Question 4: What is a major benefit of using public Grafana dashboards?

a) They are the only way to visualize Prometheus data
b) You can import ready-made, well-tested dashboards and customize them
c) They automatically configure Prometheus
d) They replace the need for custom metrics

Question 5: How should you set appropriate units in Grafana panels?

a) Always use raw bytes regardless of value size
b) Define values in meaningful units (MiB for memory, % for CPU) for readability
c) Units don't matter, only the graph shape
d) Let Grafana choose automatically without customization

Question 6: What's the best practice for alert severity?

a) Mark everything as critical to ensure quick response
b) Use critical only when service is down or data loss imminent; warning for degraded service
c) Never use critical alerts, only warnings
d) Severity doesn't matter as long as notifications are sent

Question 7: What is PromQL used for?

a) Configuring Kubernetes resources
b) Querying and aggregating time-series data in Prometheus
c) Creating Docker containers
d) Deploying Grafana dashboards

Question 8: Why should you alert on symptoms rather than causes?

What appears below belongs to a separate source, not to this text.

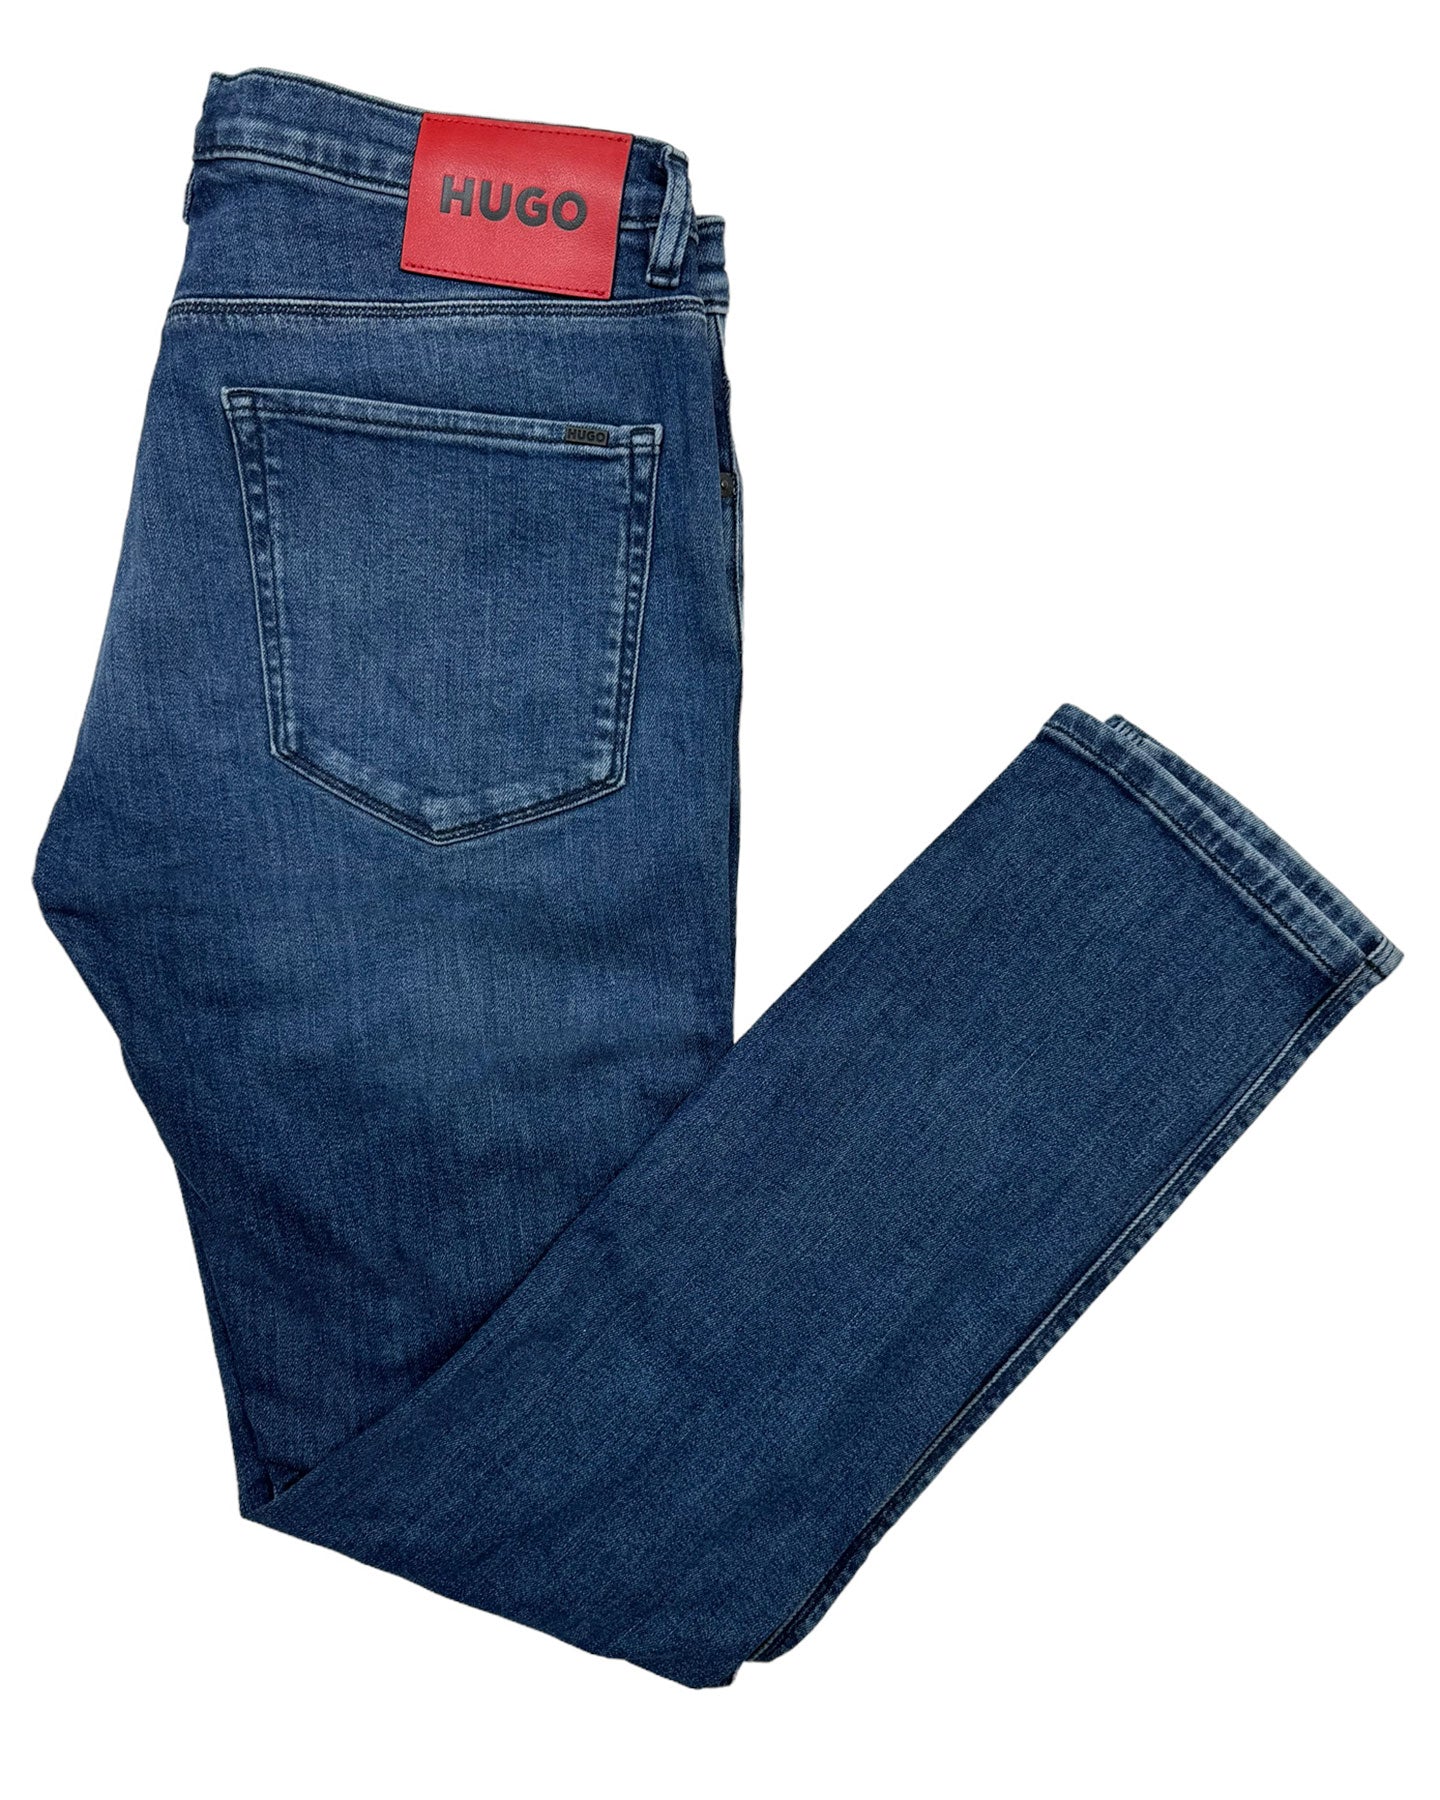 Hugo Boss Denim Jeans HUGO 734 Extra Slim Fit

a) Symptoms are easier to measure
b) Alert when users are actually impacted, not on every component issue that may not affect service
c) Causes don't generate metrics
d) Symptoms require less configuration
Quiz Complete!
All correct answers are option 'b'. These monitoring principles will help you build effective observability for your Kubernetes clusters. Remember: monitoring is a vast topic worthy of its own course, but this provides a solid foundation to get started!